The making of a Reformed evangelical and working-class conservative


Along with the Melbourne Catholic activist, B.A. Santamaria (1915–1998), Fred Nile has been one of the most noteworthy religious “movers and shakers” in Australian politics — certainly in the second half of the twentieth century and well into the twenty-first. To better understand his significance, it would be useful to briefly probe his own formative religious and political influences.

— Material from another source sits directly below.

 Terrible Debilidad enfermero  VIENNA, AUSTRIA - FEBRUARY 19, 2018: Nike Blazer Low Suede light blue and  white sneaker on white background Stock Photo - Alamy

Born in Sydney’s Kings Cross in 1934 to a taxi driver and waitress, Nile grew up in a working-class household and converted to evangelical Christianity in his youth. Joining the Revesby Congregational Church, where he married his first wife Elaine, Nile subscribed to a conservative form of Reformed (Calvinist) Protestantism steeped in the English Puritan tradition. Among its distinctive features was an emphasis on preaching the saving gospel of Jesus Christ, the intrinsic goodness of the moral law as distilled in the Ten Commandments, and the understanding that with God as the sovereign ruler of the universe, Christians had a calling to be a transformative influence in the world. In the realm of politics, this meant shaping policy and legislation according to Christian moral principles.


By his own admission, Nile was never a “born politician”, having dedicated much of his life to the Christian ministries of preaching, pastoring and evangelism before his election to parliament at the age of 47. Yet it is hard to escape the reality that a combination of his working-class background and Cold War atmospherics of the 1950s and 60s conditioned his political temperament. In contrast to working-class radicals who gravitated to the political left, Nile’s own working-class upbringing instilled in him a lifelong conservatism that was respectful of tradition, deferential to authority, faith-affirming, loyal to the Crown, patriotic, family oriented, and attuned to the interests of working people.

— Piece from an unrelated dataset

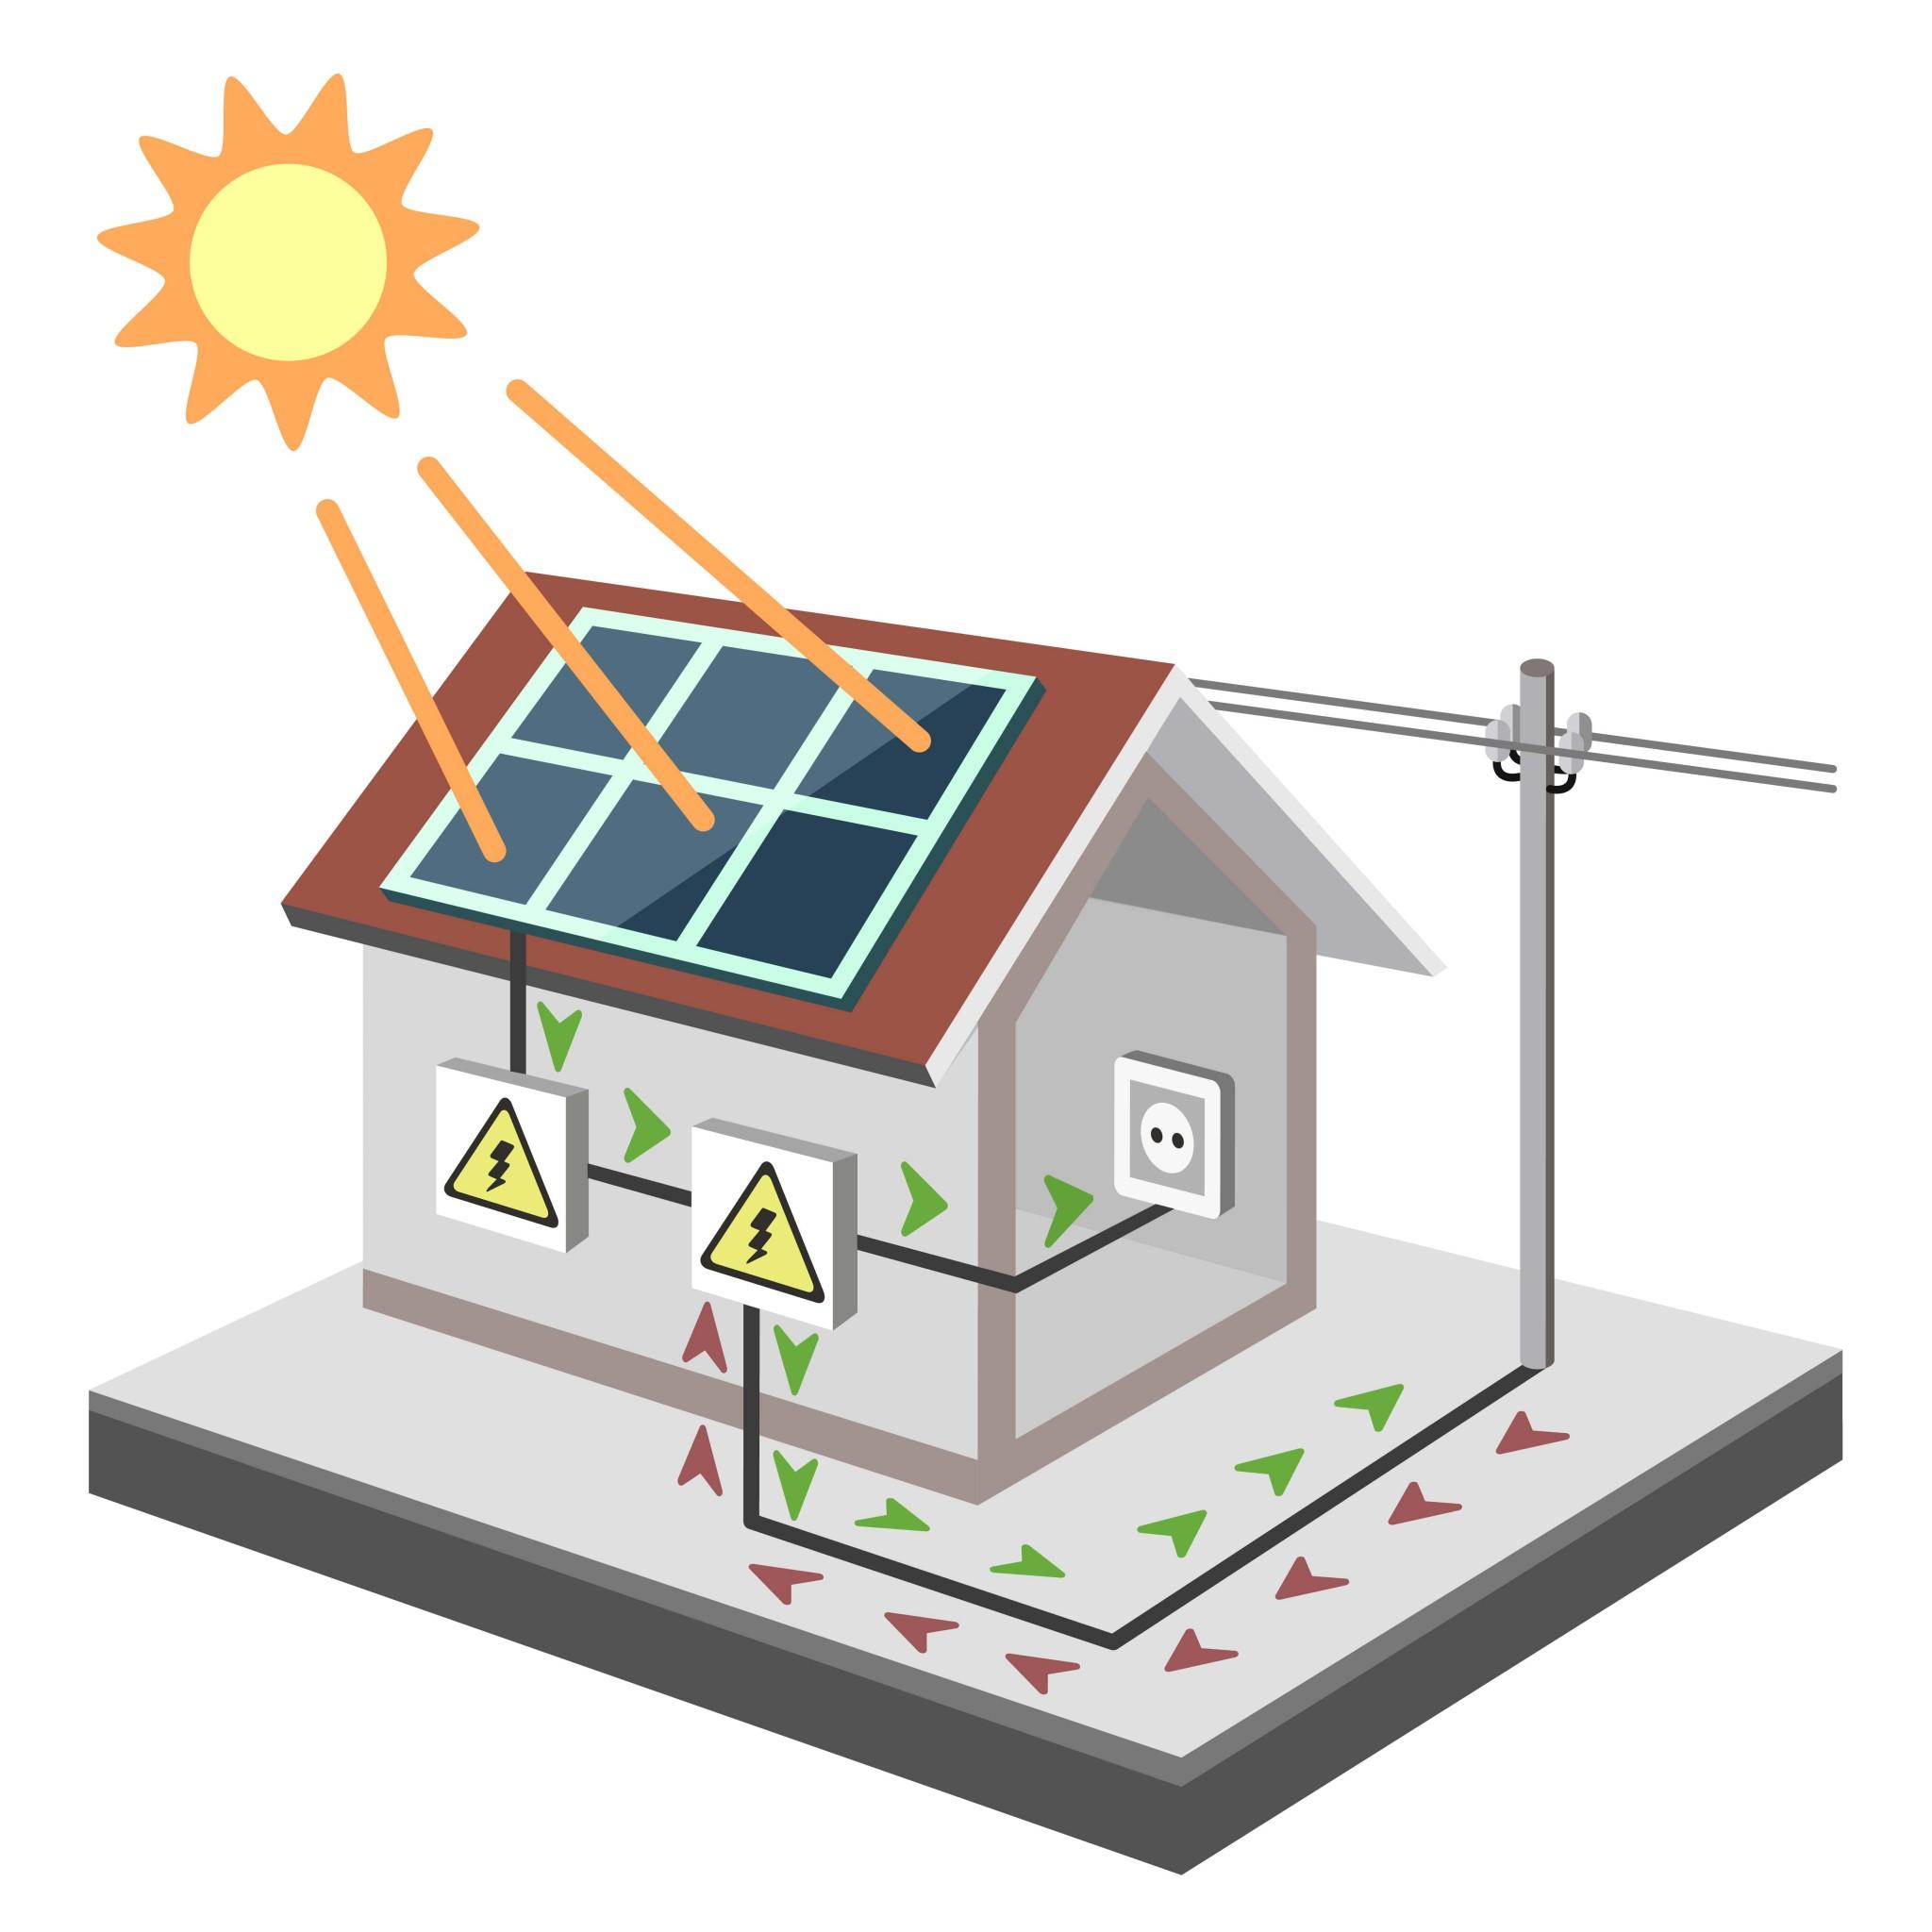 sistema fotovoltaico conectado à rede

Unlike the Toryism of the well-to-do, it was a blue-collar conservatism that has found recent favour again in many parts of the Western world. With its focus on buttressing law and order, strengthening families, and supporting small businesses, Nile believed this form of conservatism was best placed to serve the interests of working people. His conservatism was, of course, galvanised by the anti-communist spirit of the Cold War that hardened his opposition to the evils of “godless communism”. In his youth, he warmly admired Prime Minister Robert Menzies and the strong stance he took against the “red peril”.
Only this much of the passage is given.